Question

The perimeters of an equilateral triangle and a square are same, the area of triangle: area of square is
$
  {\text{A}}{\text{. 1:1}} \\
  {\text{B}}{\text{. 4:3}}\sqrt 3 \\
  {\text{C}}{\text{. 4:3}} \\
  {\text{D}}{\text{. 3:2}} \\
$

Answer 1

Hint: To determine the ratio of area of triangle to the area of square, we consider two variables ‘a’ and ‘x’ for the sides of triangle and square respectively. And then we convert one variable in terms of the other to find the answer.

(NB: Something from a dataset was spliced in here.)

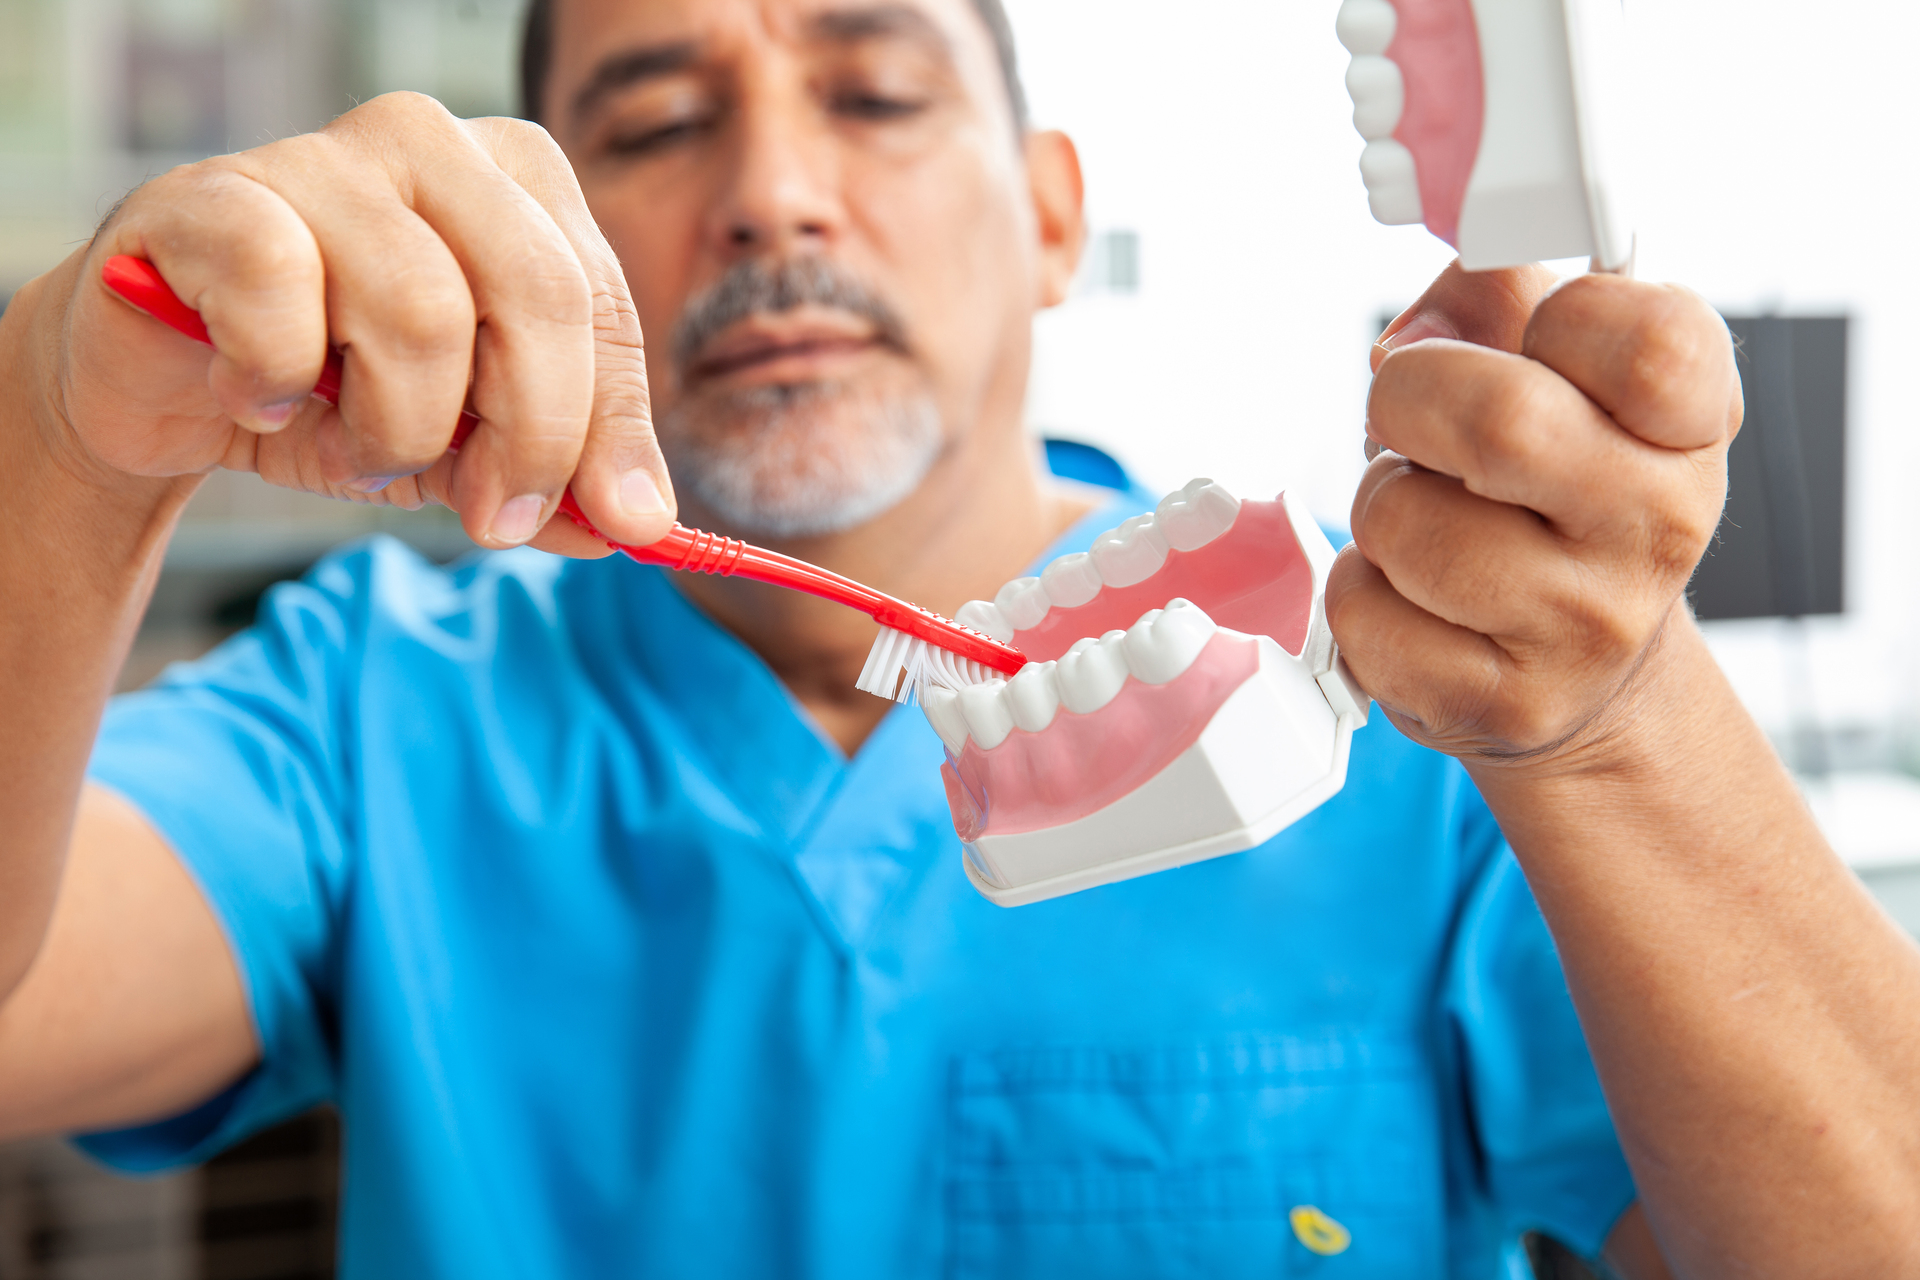 Na tym obrazku możemy zobaczyć dentystę, który dokładnie prezentuje, jak prawidłowo myć zęby. Jest to ważna część edukacji pacjentów na temat higieny jamy ustnej.Dentysta jest profesjonalistą w dziedzinie zdrowia jamy ustnej i jest odpowiedzialny za promowanie prawidłowych praktyk higieny jamy ustnej. Na obrazku widać, że dentysta używa modelu zębów, aby zobrazować technikę szczotkowania zębów

Complete step-by-step answer:
Let side of equilateral triangle = a
then Perimeter of an equilateral triangle = 3a.
Let side of square = x
then Perimeter of square = 4x.
Perimeter of equilateral triangle = Perimeter of square
3a = 4x
⟹a = $\dfrac{{{\text{4x}}}}{3}$
Area of Equilateral Triangle = $\dfrac{{\sqrt 3 }}{4}{{\text{a}}^2} = \dfrac{{\sqrt 3 }}{4}{\left( {\dfrac{4}{3}{\text{x}}} \right)^2} = \dfrac{4}{{3\sqrt 3 }}{{\text{x}}^2}$
Area of Square = ${{\text{x}}^2}$
Now, $\dfrac{{{\text{Area of Triangle}}}}{{{\text{Area of Square}}}} = \dfrac{{\dfrac{4}{{3\sqrt 3 }}{{\text{x}}^2}}}{{{{\text{x}}^2}}} = \dfrac{4}{{3\sqrt 3 }} = 4:3\sqrt 3 $

Note: In order to solve this type of questions the key is to have adequate knowledge in properties and formulae of squares and triangles. We calculate their perimeters and express them in the form of a single variable. Then we calculate their areas in terms of a single variable to find out the ratio.